Freeing the Mind from the Monkey

Prelude

Doing Science is the most exciting activity I could imagine doing. The intellectual endeavor of using creativity to explore and connect novel ideas just feels...very...good. The deeper understanding of reality that arises from this exercise generates a visceral surge of excitement that I cannot replicate doing something else. Of course, the transformative power of associating ideas to change one's point of view of the world is not exclusive to science. I truly believe that it's traversal to all knowledge producing enterprises of our species - from art, philosophy, religion, and so on. But science works best for me. However, unfortunately, the intellectual part of it often comes short in the actual job of “doing science”. The pressure and time spent in implementing, polishing and sharing one's Eureka moments is substantial. In between writing grants and papers, and more grants and re-writing those papers, one is often left with little time to just think. Additionally, there is great pressure for a scientist to increasingly specialize to very specific niches, which – at least for me – generates a feeling of mental saturation or boredom. As John Naisbitt put it, “sometimes I found myself drowning in information but starved for knowledge.”

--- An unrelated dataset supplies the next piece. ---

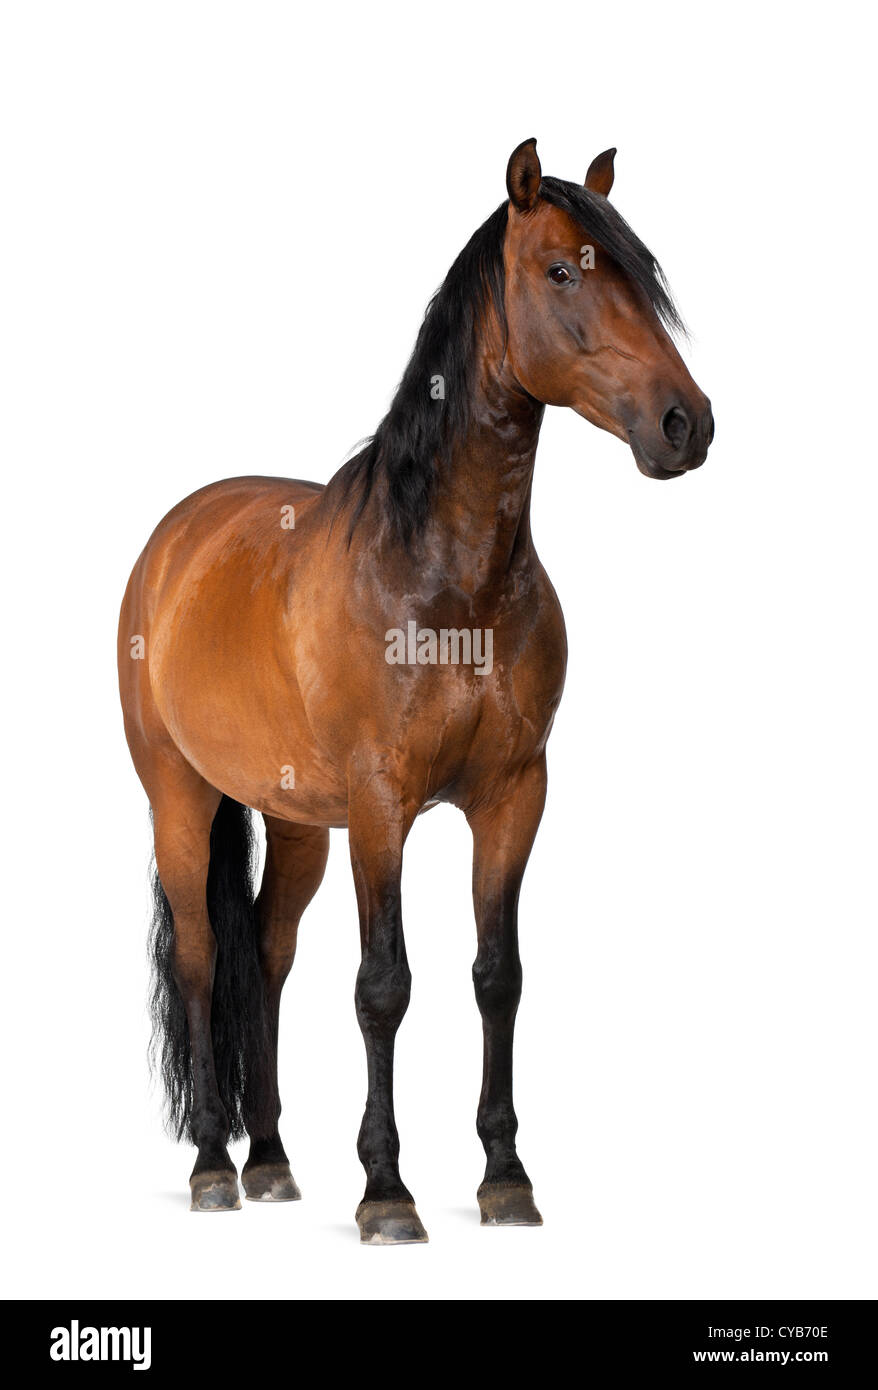 Mixed breed of Spanish and Arabian horse, 8 years old, standing against white background Stock Photo

And that is the reason why I decided to start this blog. I hope it will work as my intellectual oasis in the desert that science can sometimes be. I want to write and explore topics that I am interested about in a faster, flexible and most of all more relaxed format than the scientific paper. This space will serve as a repository of ideas that I feel worth writing about (and hopefully also for others to read, of course). A final note on the title of the blog: “Freeing the Mind from the Monkey” is a sentence coined by late ethnobotanist and psychonaut Terence Mckenna. He argued that technology is the real skin of our species, not our monkey bodies. We make our world by applying mental filters to transform matter into buildings, cars, computers, etc. This new world that we shape is only limited by our imagination. Mckenna predicted that our monkey body will carry our minds up until a stage where technology would release us from the limitations of its shell, and push ourselves into pure imagination à la Williams Blake. On a literal interpretation of his thoughts, I am fascinated by the possibility that science and technology will reach a stage one day, where our species will be able to turn inwards and experience a reality only limited by our imagination. On a more metaphorical note, I see my job as scientist as my monkey body and this blog as a space where I can let my imagination run free.